I am currently learning about big O notation in my algorithms class and I stumbled upon this particular problem that perplexed me. Can we represent O(n lg(n)) as c * n* lg n if we know the formal definition holds? Meaning, if f(n) <= c n lg n, and the definition holds true for some constants, then O(n lg n) can be represented as c* n* lg n? And if my assumption is true, then we could do:

= lg(O(n lg n))

= lg(c* n* lg n)

= lg(c) + lg(n) +lg(lg(n))

If lg(n) is the highest order term in this case, then would this simplify to be O(lg(n))? Since all the lower order terms would eventually be overlapped by the highest order term?

Answer 1

Yes, you are totally right and your math is correct.

Answer 2

Your question is a little hard to follow. I think you are asking:

Suppose we have a function f that grows asymptotically at or less than a rate of O(n lg n) . Does the function lg ∘ f grow asymptotically at or less than a rate of O(lg n) ?

Yes, it does.

UPDATE: Commenter Paul Hankin points out a counterexample. Perhaps this is correct?

Suppose we have a function f that grows asymptotically at exactly a rate of O(n lg n) . Does the function lg ∘ f grow asymptotically at a rate of O(lg n) ?

I think the answer to that is yes.

Answer 3

You're trying to show that lg(O(n lg n)) = O(lg n) . This is somewhat non-standard notation, but it means that for all f in O(n lg n) , there's a g in O(lg n) such that log(f) = g . This is explained on wikipedia here: https://en.wikipedia.org/wiki/Big_O_notation#Multiple_usages

The statement isn't quite true as written. For example, f = 2^(-n) is in O(n lg n) , but lg(f) = -n which isn't in O(lg n) . But if we limit ourselves to f 's which are greater than 1 , then it's true.

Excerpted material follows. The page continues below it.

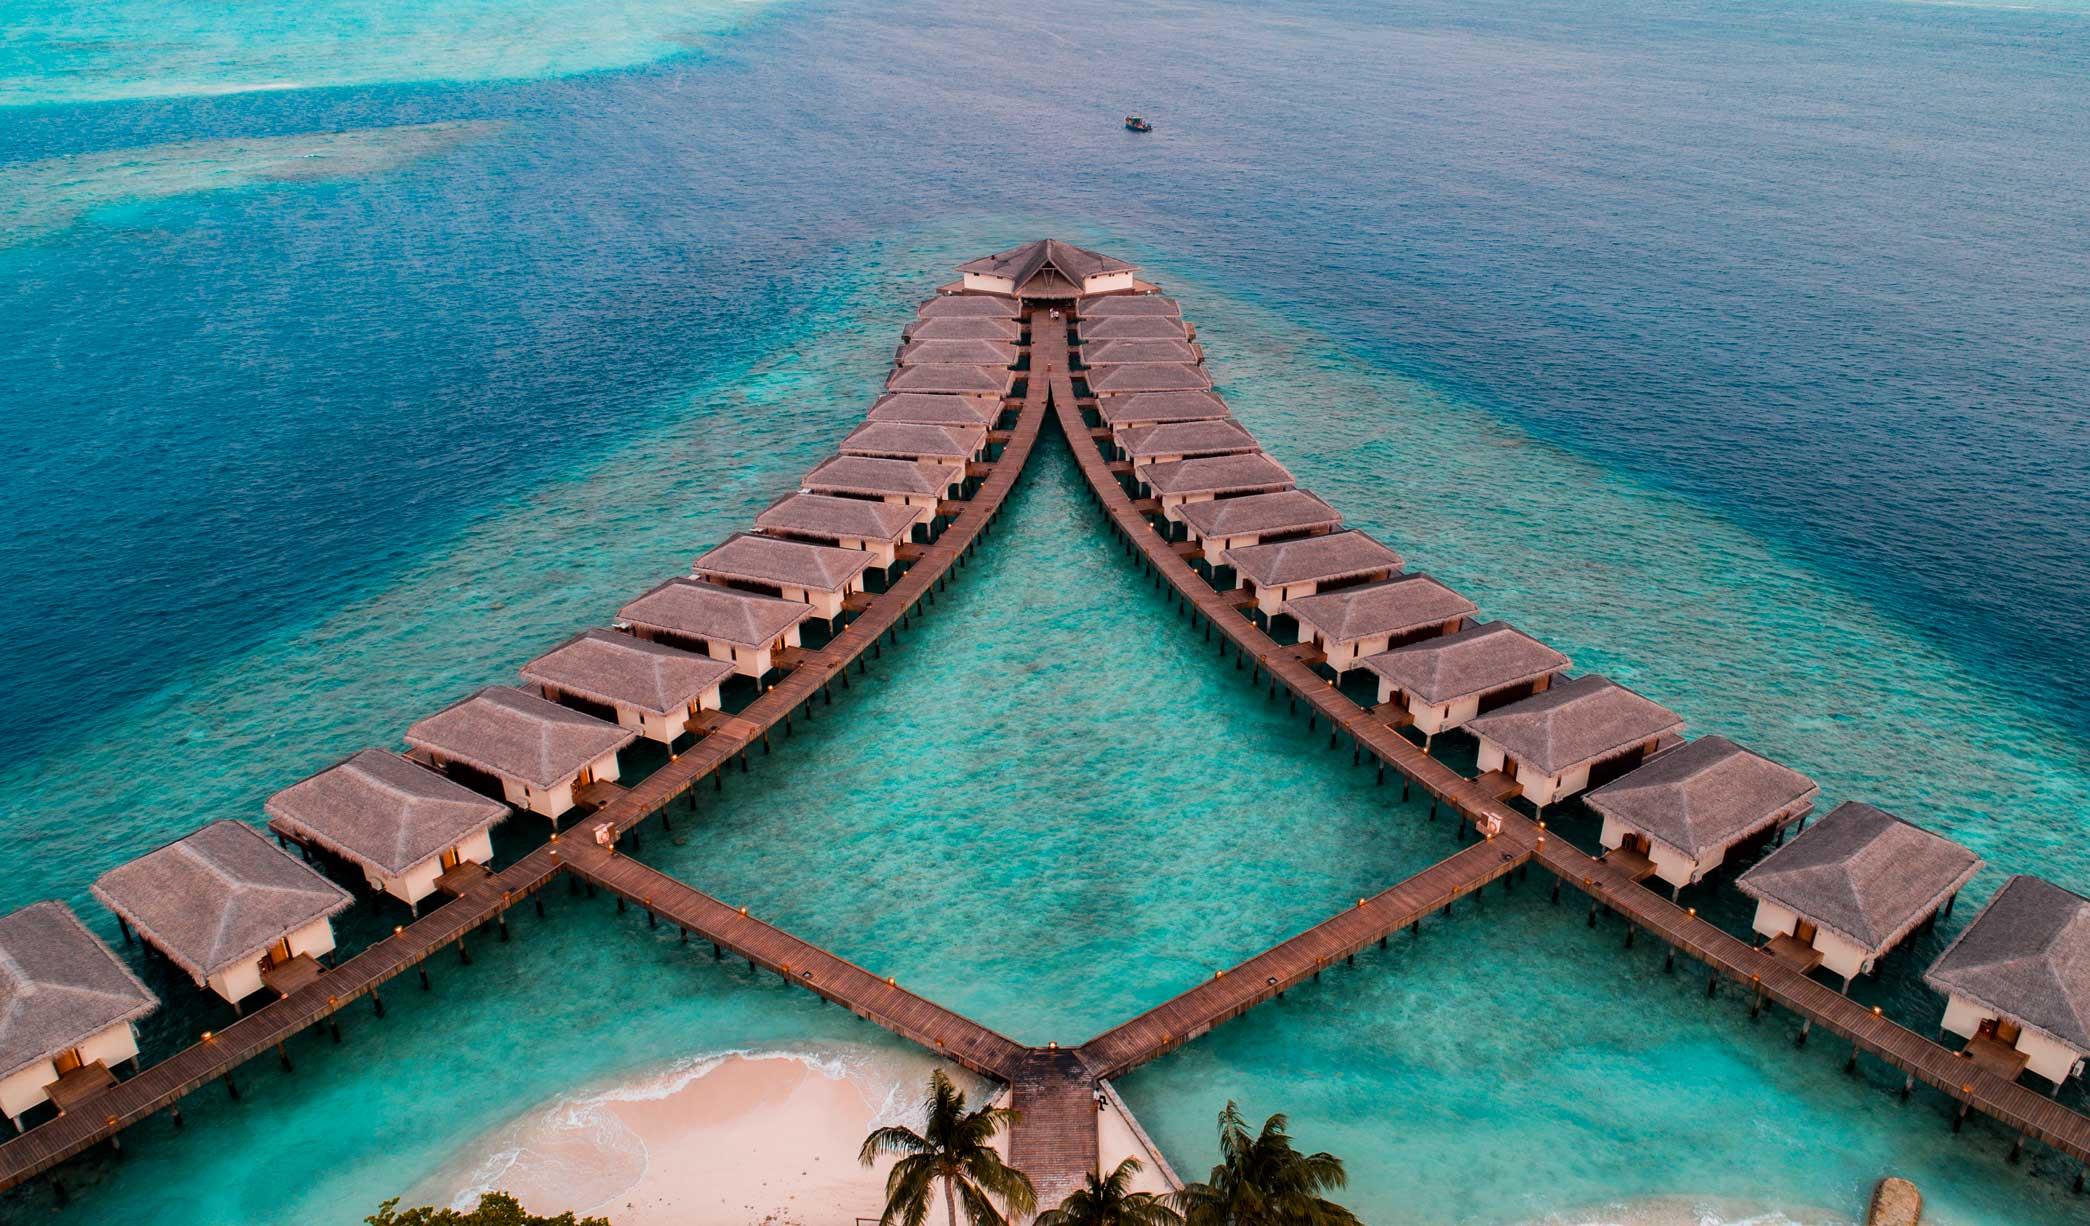 Dhiggiri Resort Maldives
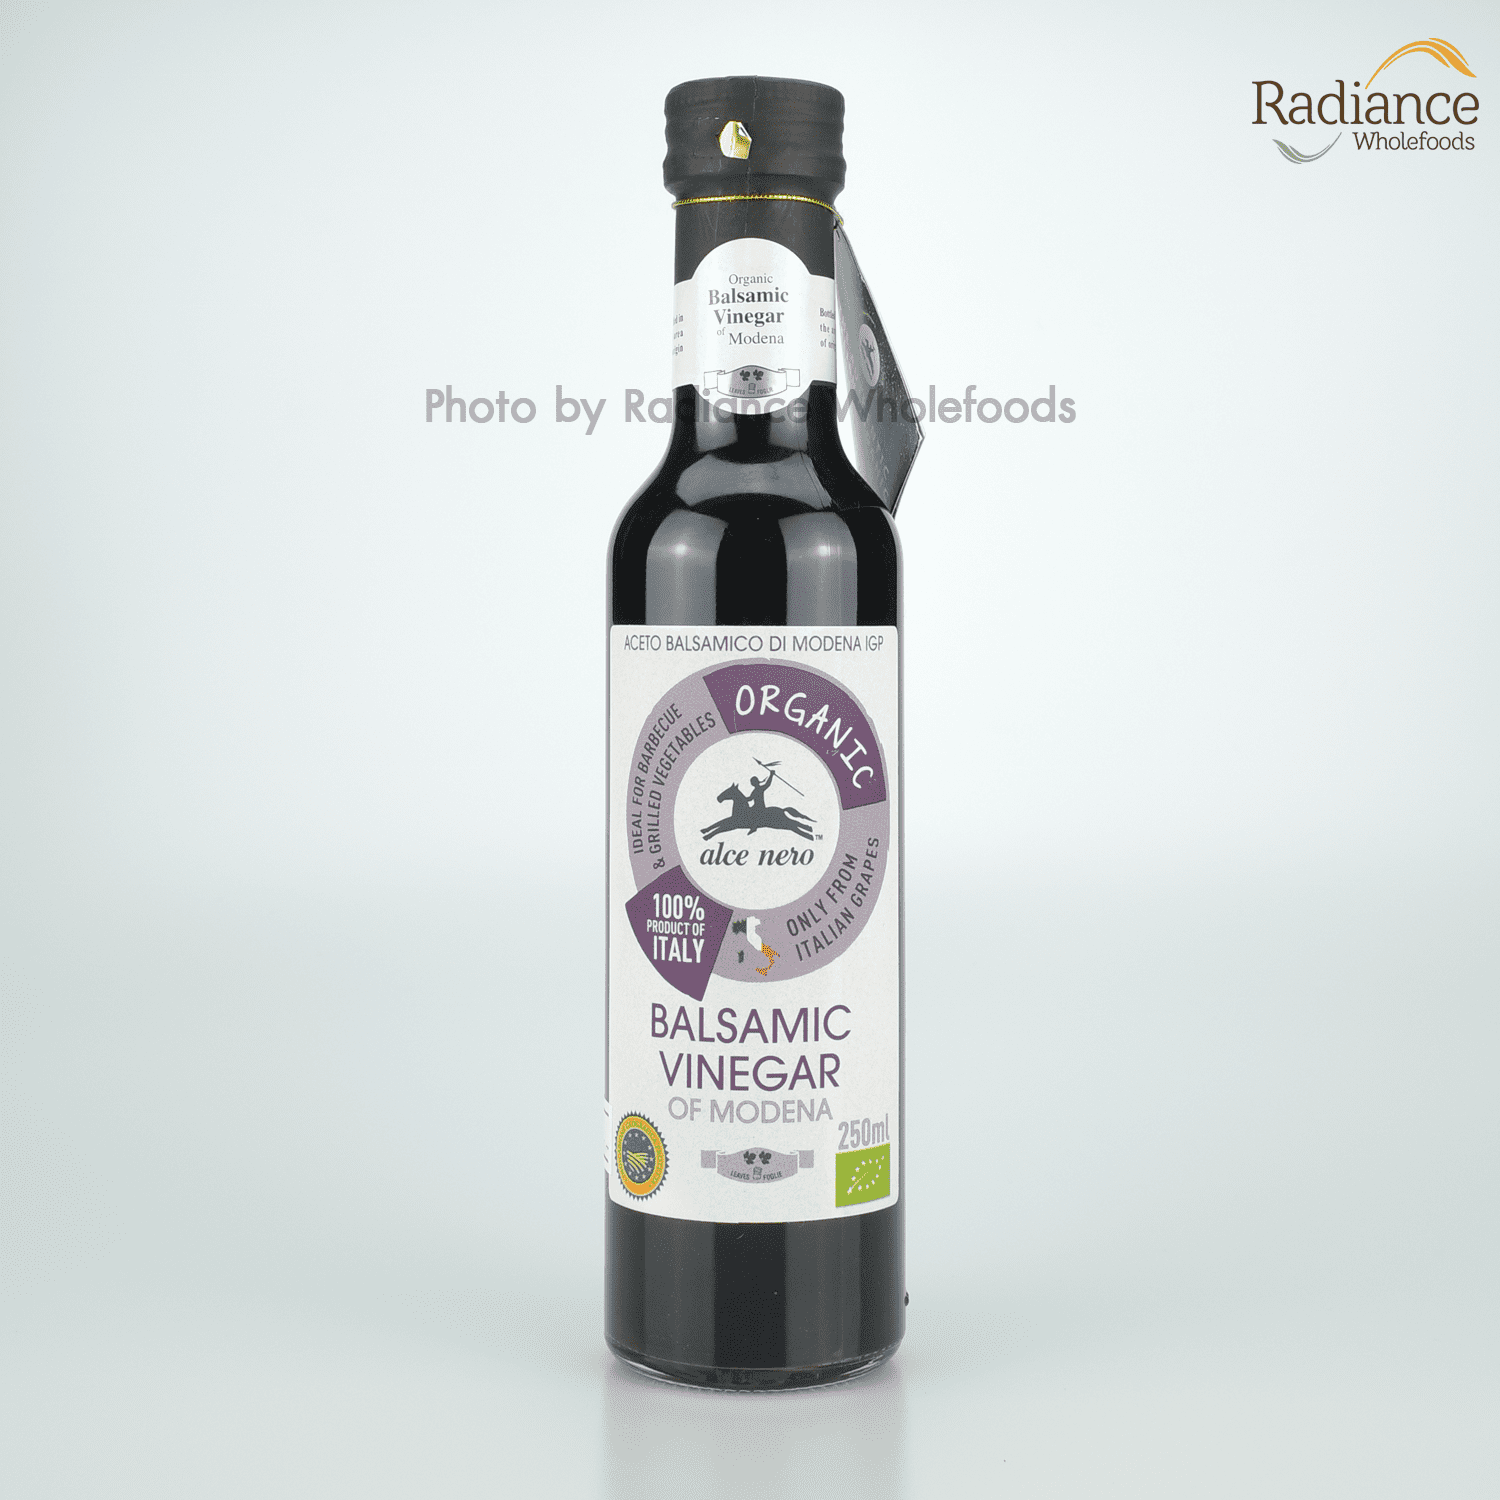 Balsamic Vinegar of Modena 250ml, alce nero

If f = O(n lg n) , then there's a c such that for all sufficiently large n , f(n) < cn lg n . Then lg(f(n)) < lg(c) + lg(n) + lg(lg(n)) = O(lg n) . Since lg(f(n)) > 0 , we have have that lg(f(n)) = O(lg n) . This is essentially your proof from the question with a little additional care taken about definitions and making sure that lg(f(n)) isn't large and negative.